On Monday, Democratic Gov. Tony Evers of Wisconsin issued an executive order cancelling in-person voting and postponing Election Day from April 7 to June 9 in Wisconsin's presidential primary and competitive state Supreme Court general election, citing the dangers of the coronavirus pandemic making it impossible to safely hold the election in a manner consistent with voters' rights. Republicans had already asked the U.S. Supreme Court to prevent the extension of absentee mail voting, and they swiftly vowed to fight Evers' latest order at the state Supreme Court, leaving the election in chaos thanks to judicial uncertainty.
Despite a stay-at-home order and Evers' calls to expand mail voting as the safest way to protect voters and poll workers, Republican legislators have adamantly refused to take any actions that would have made it easier to vote and have actively fought litigation to do so, which led to a federal court refusing to postpone the election. Republicans adjourned a special session without taking action over the weekend just as soon as Evers had ordered one to be convened, leaving Evers no other option than to assert executive authority to delay the election.
Republicans' intransigence had already led to a flurry of litigation and widespread confusion as in-person voting has increasingly become unsafe due to the virus.
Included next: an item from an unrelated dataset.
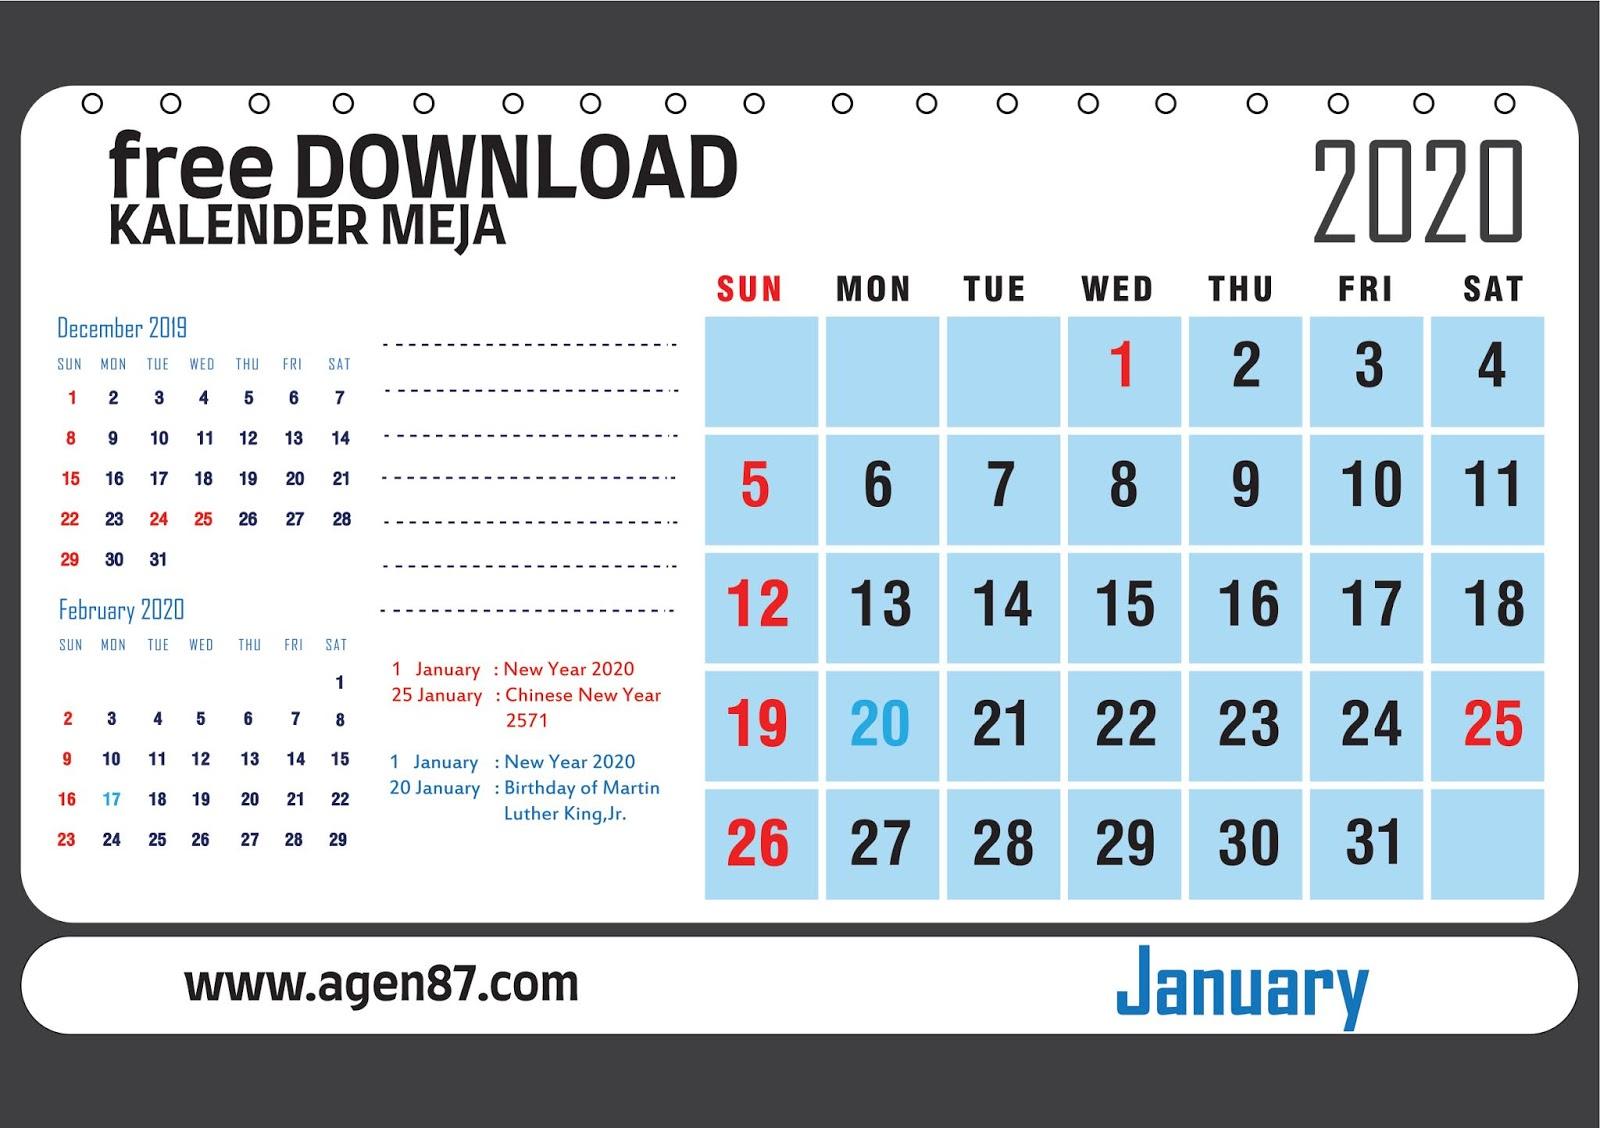 Template Desain Kalender Duduk - Contoh Gambar Template

Indeed, in Wisconsin's biggest city of Milwaukee, which is a Democratic stronghold and home to a majority of its black population, officials slashed the number of in-person polling places from 180 to just five, or one location for every 10,000 voters expected to vote in-person on Tuesday. Roughly 500,000 voters statewide still had yet to return their requested absentee ballots as of Sunday, meaning the ongoing battle over a federal court order extending the deadline to return absentee ballots from April 7 to April 13 could leave hundreds of thousands of voters disenfranchised.
Wisconsin Republicans have so steadfastly refused to protect voters from public health risks by making alternative voting methods easier because—like Donald Trump—they believe that allowing everyone to safely vote would endanger conservative Justice Dan Kelly's chance of winning a key race for the state Supreme Court, where conservative hardliners hold a 5-2 majority (though Kelly will recuse himself from hearing the case over the election delay). If progressive Judge Jill Karofsky were to win, progressives would have a shot at gaining their own majority when a conservative incumbent faces the voters in 2023.
GOP legislators, who won fewer votes than Democrats in 2018 but maintained sizable majorities thanks largely to their gerrymanders, are aiming to preserve their majority on the court because a future progressive majority could strike down their gerrymanders and voter suppression laws, showcasing the vicious cycle that this week's voter suppression efforts are a part of.
In a time when the coronavirus pandemic is necessitating a massive expansion of mail voting across the country, many Republicans in positions of power are watching what is happening in Wisconsin. If the GOP succeeds in getting the conservative-dominated courts to block Evers' latest attempt to delay the election until it can be held in a safer manner and that leads to a conservative election victory via mass voter disenfranchisement, refusing to expand voting access and hoping that Democratic-leaning voters bear the disproportionate brunt of the pandemic will become the Republican playbook for the November elections if it hasn't already.